Metadata-Version: 2.4
Name: langextract-azureopenai
Version: 0.1.4
Summary: LangExtract provider plugin for Azure OpenAI
Project-URL: Homepage, https://github.com/google/langextract
Project-URL: Documentation, https://github.com/google/langextract/blob/main/README.md
Project-URL: Repository, https://github.com/google/langextract
Project-URL: Bug Tracker, https://github.com/google/langextract/issues
Project-URL: Changelog, https://github.com/google/langextract/releases
Author: LangExtract Contributors
Maintainer: LangExtract Contributors
License-Expression: Apache-2.0
License-File: LICENSE
Keywords: azure-openai,extraction,langextract,llm,nlp,openai,plugin,provider
Classifier: Development Status :: 4 - Beta
Classifier: Intended Audience :: Developers
Classifier: License :: OSI Approved :: Apache Software License
Classifier: Operating System :: OS Independent
Classifier: Programming Language :: Python :: 3
Classifier: Programming Language :: Python :: 3.10
Classifier: Programming Language :: Python :: 3.11
Classifier: Programming Language :: Python :: 3.12
Classifier: Programming Language :: Python :: 3.13
Classifier: Topic :: Scientific/Engineering :: Artificial Intelligence
Classifier: Topic :: Software Development :: Libraries :: Python Modules
Classifier: Topic :: Text Processing :: Linguistic
Requires-Python: >=3.10
Requires-Dist: langextract>=1.0.0
Requires-Dist: openai>=1.0.0
Provides-Extra: dev
Requires-Dist: black>=22.0.0; extra == 'dev'
Requires-Dist: isort>=5.0.0; extra == 'dev'
Requires-Dist: mypy>=1.0.0; extra == 'dev'
Requires-Dist: pytest-asyncio>=0.21.0; extra == 'dev'
Requires-Dist: pytest-cov>=4.0.0; extra == 'dev'
Requires-Dist: pytest-mock>=3.10.0; extra == 'dev'
Requires-Dist: pytest>=7.0; extra == 'dev'
Requires-Dist: ruff>=0.1.0; extra == 'dev'
Provides-Extra: docs
Requires-Dist: mkdocs-gen-files>=0.4.0; extra == 'docs'
Requires-Dist: mkdocs-literate-nav>=0.5.0; extra == 'docs'
Requires-Dist: mkdocs-material>=8.5.0; extra == 'docs'
Requires-Dist: mkdocs-section-index>=0.3.0; extra == 'docs'
Requires-Dist: mkdocs>=1.4.0; extra == 'docs'
Provides-Extra: test
Requires-Dist: pytest-asyncio>=0.21.0; extra == 'test'
Requires-Dist: pytest-mock>=3.10.0; extra == 'test'
Requires-Dist: pytest>=7.0; extra == 'test'
Description-Content-Type: text/markdown

# LangExtract Azure OpenAI Provider

A provider plugin for [LangExtract](https://github.com/google/langextract) that integrates the Azure OpenAI Chat Completions API for robust, structured information extraction.

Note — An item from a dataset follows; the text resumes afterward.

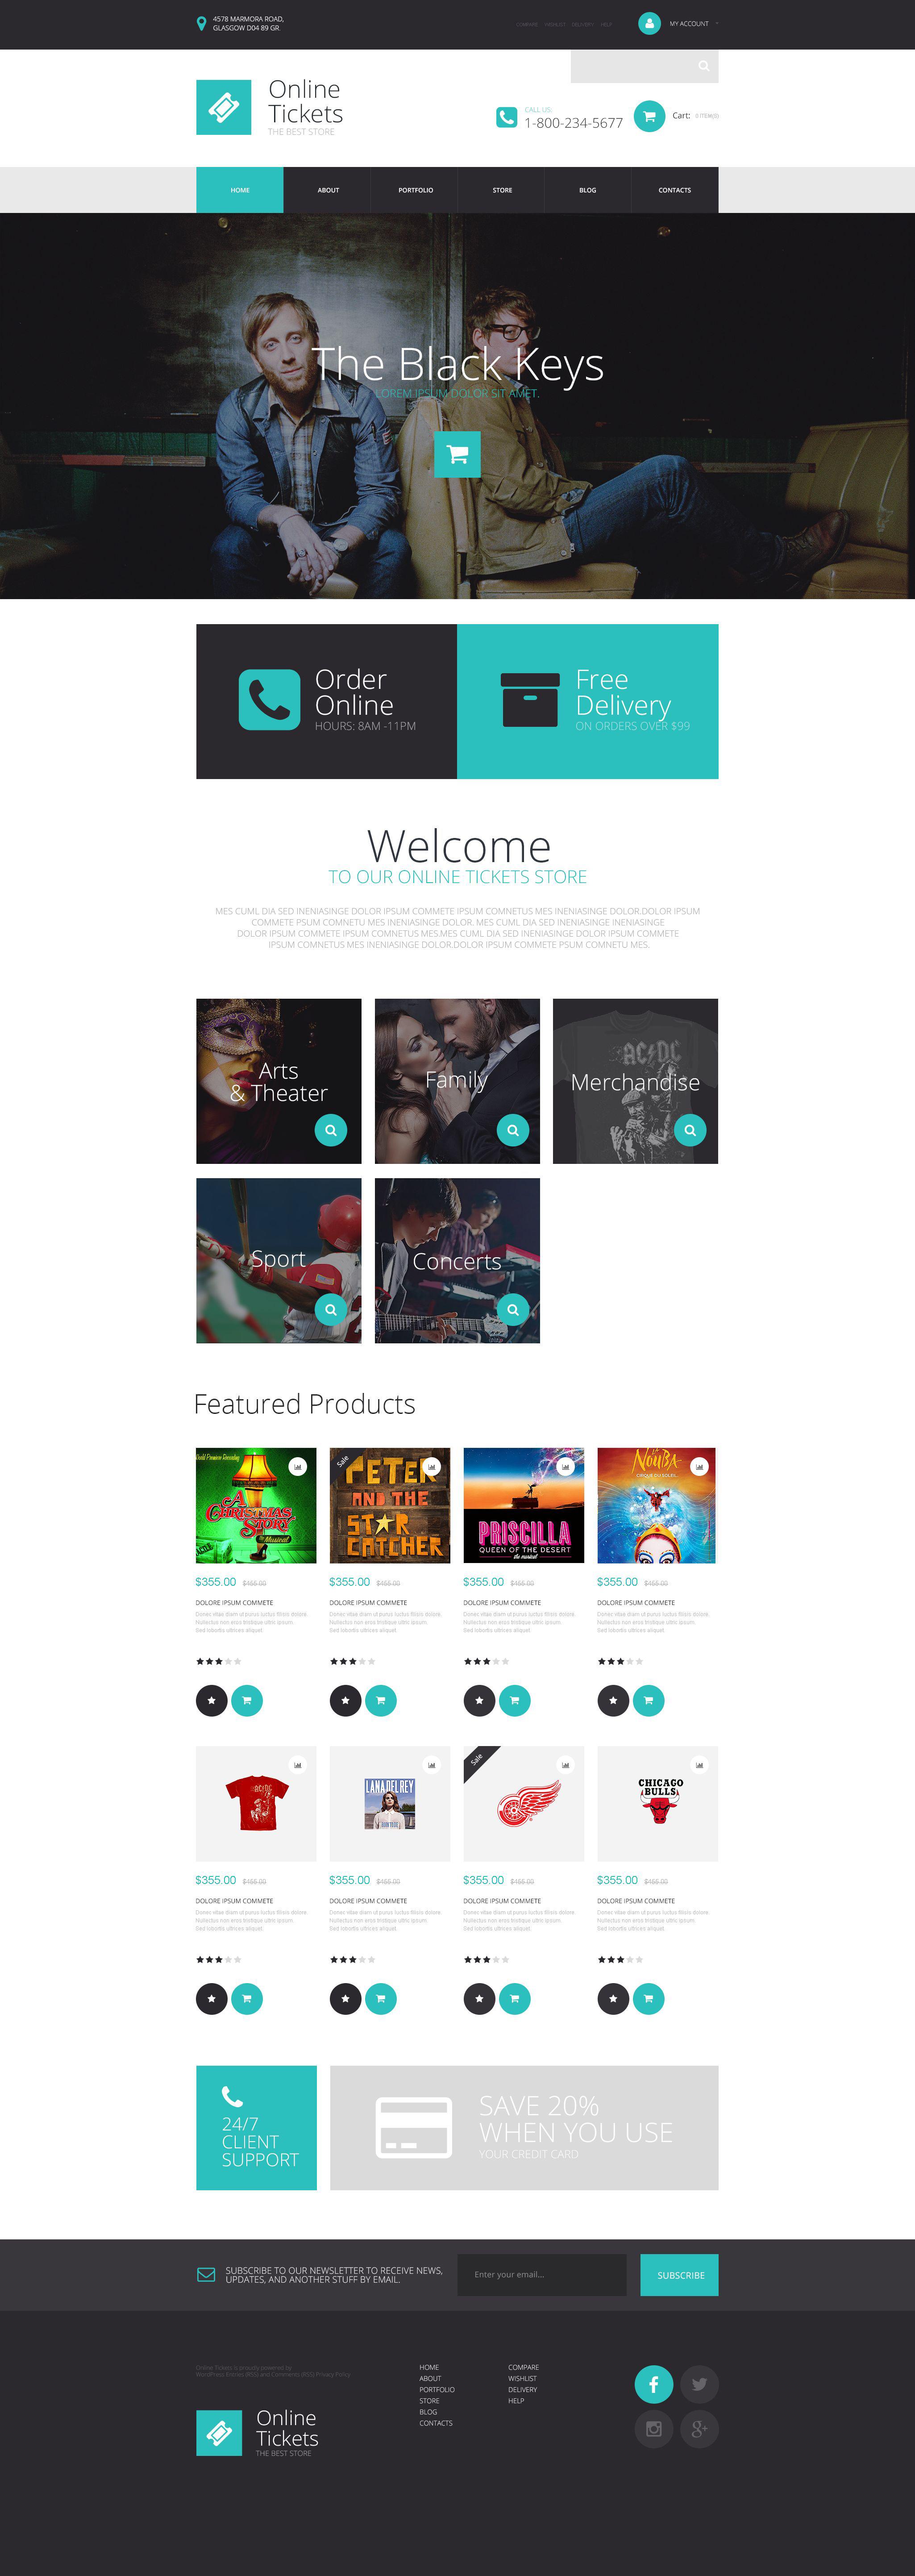 """Online Tickets Store"" - адаптивний WooCommerce шаблон №53950"

[![Python 3.10+](https://img.shields.io/badge/python-3.10+-blue.svg)](https://www.python.org/downloads/)
[![License: Apache 2.0](https://img.shields.io/badge/License-Apache_2.0-blue.svg)](https://opensource.org/licenses/Apache-2.0)
[![Code style: black](https://img.shields.io/badge/code%20style-black-000000.svg)](https://github.com/psf/black)

## Features

- **Native Azure OpenAI**: Uses the official `openai` Python SDK with Azure endpoints.
- **Safe parameter handling**: Whitelist filtering; unsupported params raise clear errors.
- **Concurrent batching**: Parallel inference for multi-prompt workloads.
- **Schema-aware**: Optional structured output mode (JSON mode) from LangExtract examples.
- **Modern packaging**: `pyproject.toml` with Hatch; works well with `uv`.

## Installation

### Using UV (Recommended)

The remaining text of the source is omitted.